Making ends meet: Nairobi’s informal economy and Africa’s urban future
Nairobi, like many other cities across Africa, relies on a different kind of worker to keep it moving, one without any formal employment, writes Samuel Derbyshire. What does this mean for a rapidly urbanising continent?
Nairobi never stands still. Generation after generation, it draws its population from the length and breadth of Kenya, manifesting, in these 269 sq miles of cityscape, the energy and confidence of the entire country. Like all great cities, it seems always to be in the process of becoming something new. As soon as you think it has arrived, it has moved on.
This is not only true in a metaphorical sense. Anyone who lives here will be able to tell you about the radical transformations rippling through the very fabric of their neighbourhood. Multi-story apartment blocks rise ever higher above once quiet suburbs. New roads and bypasses take shape around them. The entire urban infrastructure grows both firmer and more elaborate with each passing year. But this restless growth is not unique to Kenya. It is a story that characterises cities across the African continent, which has the fastest growing urban population in the world and where, according to the Institute for Security Studies, more than half of all citizens will live in towns and cities by the year 2050.
What is the lived reality of this trend? For some, it is jobs with regular office hours that come with health insurance and pension plans: a sense of security, and stability. The recipients of such jobs – Africa’s ever-expanding middle class – are shaping democracy, and propelling region-wide processes of social change through links back to family homes in rural villages. But this is only one side of the story.
Nairobi, like many other cities across Africa, also relies on a very different kind of worker to keep it moving, one without any formal employment at all. There is an “informal economy” that percolates through every inch of the city, shouldered by freelancers, without official contracts, who depend purely on personal reputations and relationships to ply their trades. Though increasingly, many of them are also finding a large portion of their work through delivery and ride-hailing apps.
In workshops on roadsides, skilled carpenters make furniture that flies across town in all directions, filling offices and homes. Motorbike taxi drivers, or “boda bodas,” whisk passengers to their destinations through heavy traffic. Mechanics fix cars with stunning efficiency, in all weathers. Market traders furnish customers with clothes, electronics, fruit, vegetables, and a host of other essential commodities. Cleaners take care of homes. Nannies take care of families. These fluid, informal workers are Nairobi’s lifeblood. They keep its residents fed and clothed. They get people to the office on time each morning.
It has never been easy to know what to do about this informality. In fact, the question has been debated for decades. The pioneering research of the sociologist Dr Kinuthia Macharia, undertaken in the 1980s and 1990s, emphasised the need not to draw simple conclusions about an issue that, as he saw it, was fundamentally complex. The precarity people face is no trifling matter, whatever their ingenuity and skill may be.

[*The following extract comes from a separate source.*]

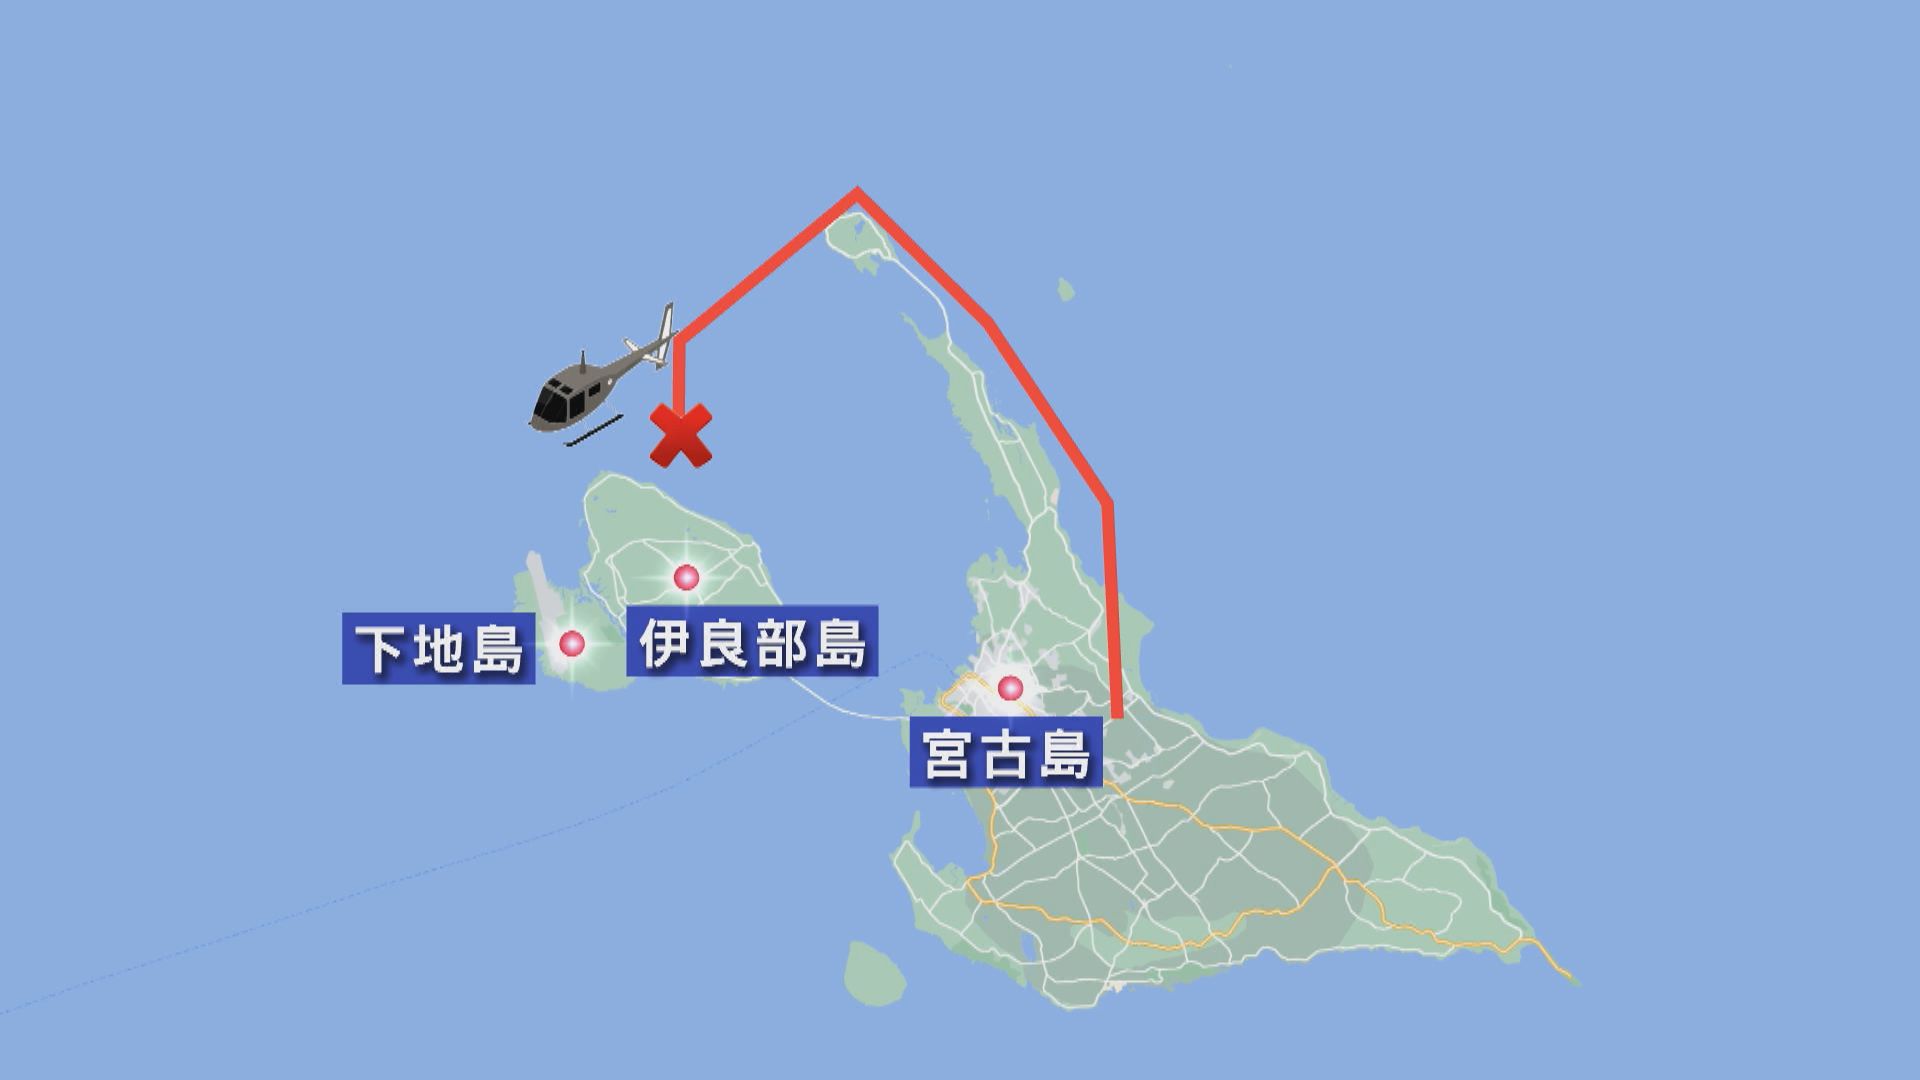 日本當局在自衛隊直升機失聯海域發現人形飄浮物
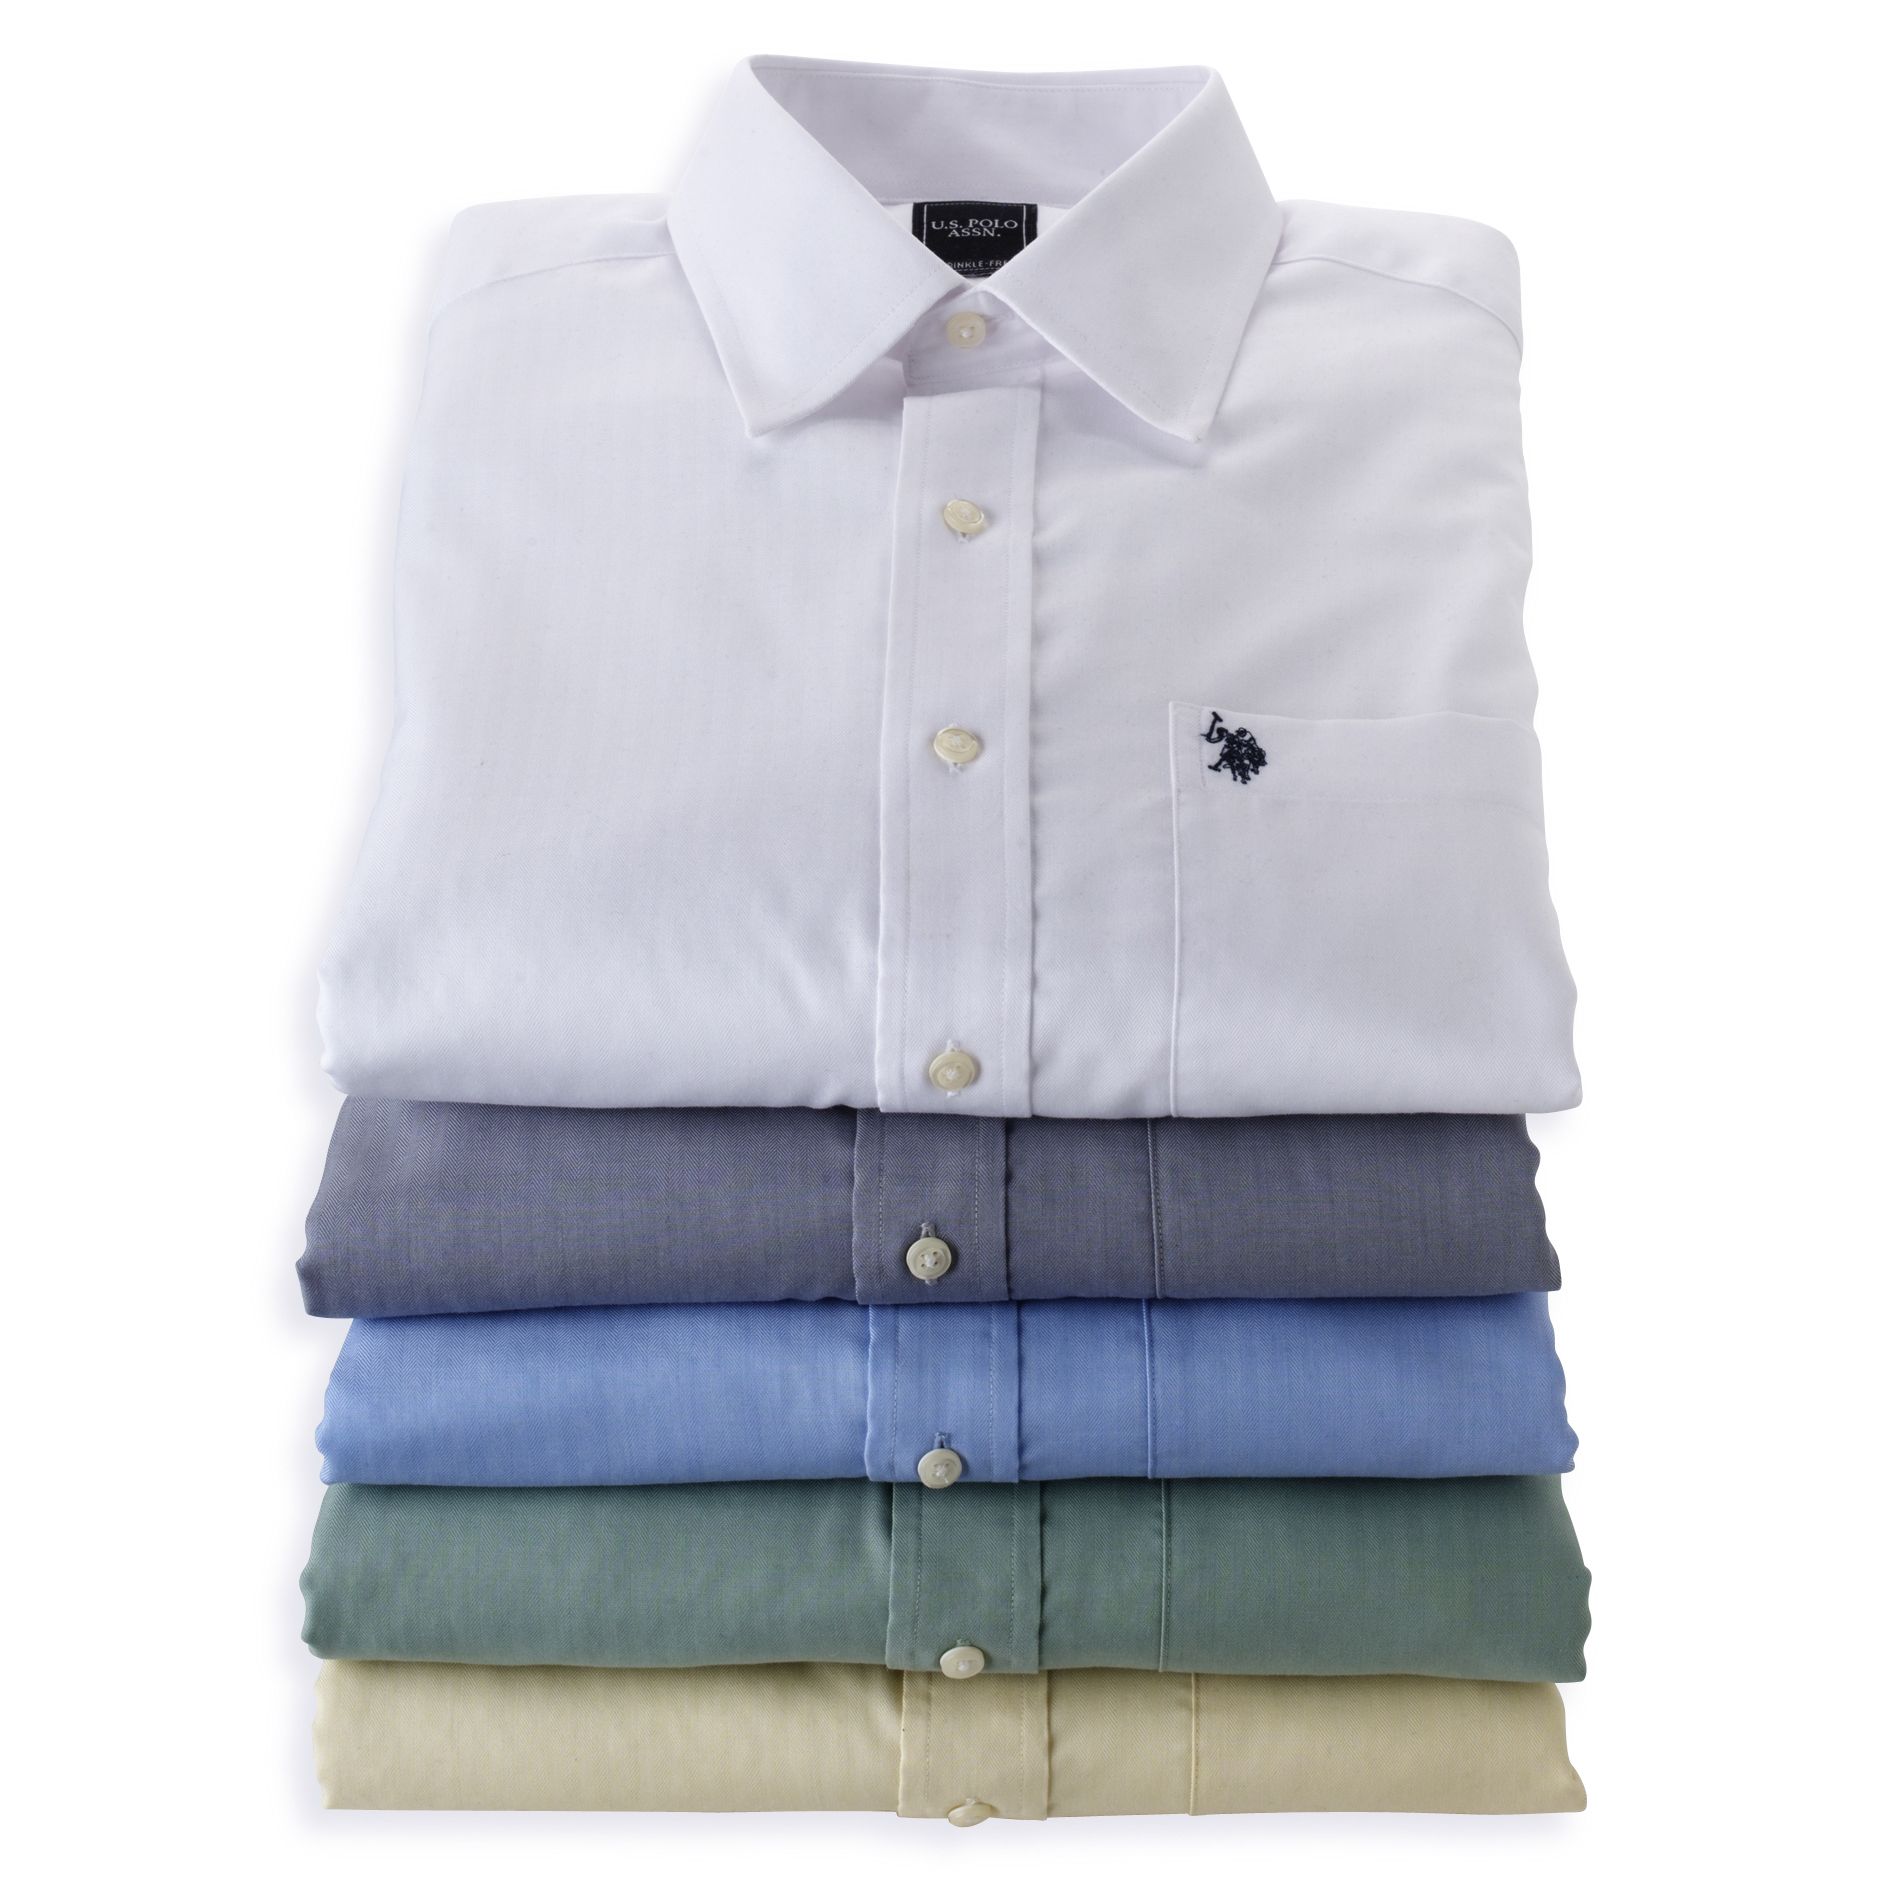 U.S. Polo Assn. Men's Long Sleeve Dress Shirt

But, Macharia argued, informality in general should not be seen as an outright failure. There are many who thrive in a fluid and dynamic working environment. They make a decent living and are proud of it. The answer to the problems they face might not necessarily be more regulation.
Nairobi grapples with this dilemma today as much as it did 40 years ago. Kenya’s recent general election was interpreted by many as a political reorientation away from ethnicity toward economic policy. It was closely run, and at its heart were contrasting approaches to the ongoing economic challenges that much of the world is facing.
The winner, William Ruto, spun a story that seemed to reach across deeply entrenched divisions. He was a man who rose from a youth spent selling chickens at a roadside stall to vying for the highest office in the land. He pitched himself to the people as the anti-establishment candidate, the person who would put an end to powerful political dynasties too long in power, and who was, above all else, the champion of the “hustler nation.” Ruto’s answer, his pledge, was to foster growth, and to support those who are already striving for a better life – the “hustlers.”
But is it right to celebrate this hustle? Many of Kenya’s informal urban workers are only there because of a lack of opportunity and access to education. They would jump at the chance to find a job with a more predictable income.
Dorcas Baraza makes ends meet by cleaning the apartments of clients in the affluent suburb of Lavington. Back at her home in Kawangware, a low-income settlement nearby, her children are watched by friends and neighbours with similarly flexible livelihoods, many of them selling spinach and kale to other residents. This is a help that Dorcas reciprocates, of course, when her schedule is free.
Her journey has been one of great adversity. When she first arrived in Nairobi from her home in Bungoma, her only contact suddenly fell silent. She had taken a bus with money she had saved up, trusting in advice and support proffered over phone calls by a man who abandoned her halfway to a city she did not know. Her first few nights were spent in the tumult of homelessness, negotiating new hazards with only her wits to guide her. In the eight years that have ensued, she has persevered with great dexterity, at times working several different trades at once. She has accumulated a solid and reliable network of friends, forged a new life and a new home in Kawangware, but still there are days when it is impossible for her to cover basic needs.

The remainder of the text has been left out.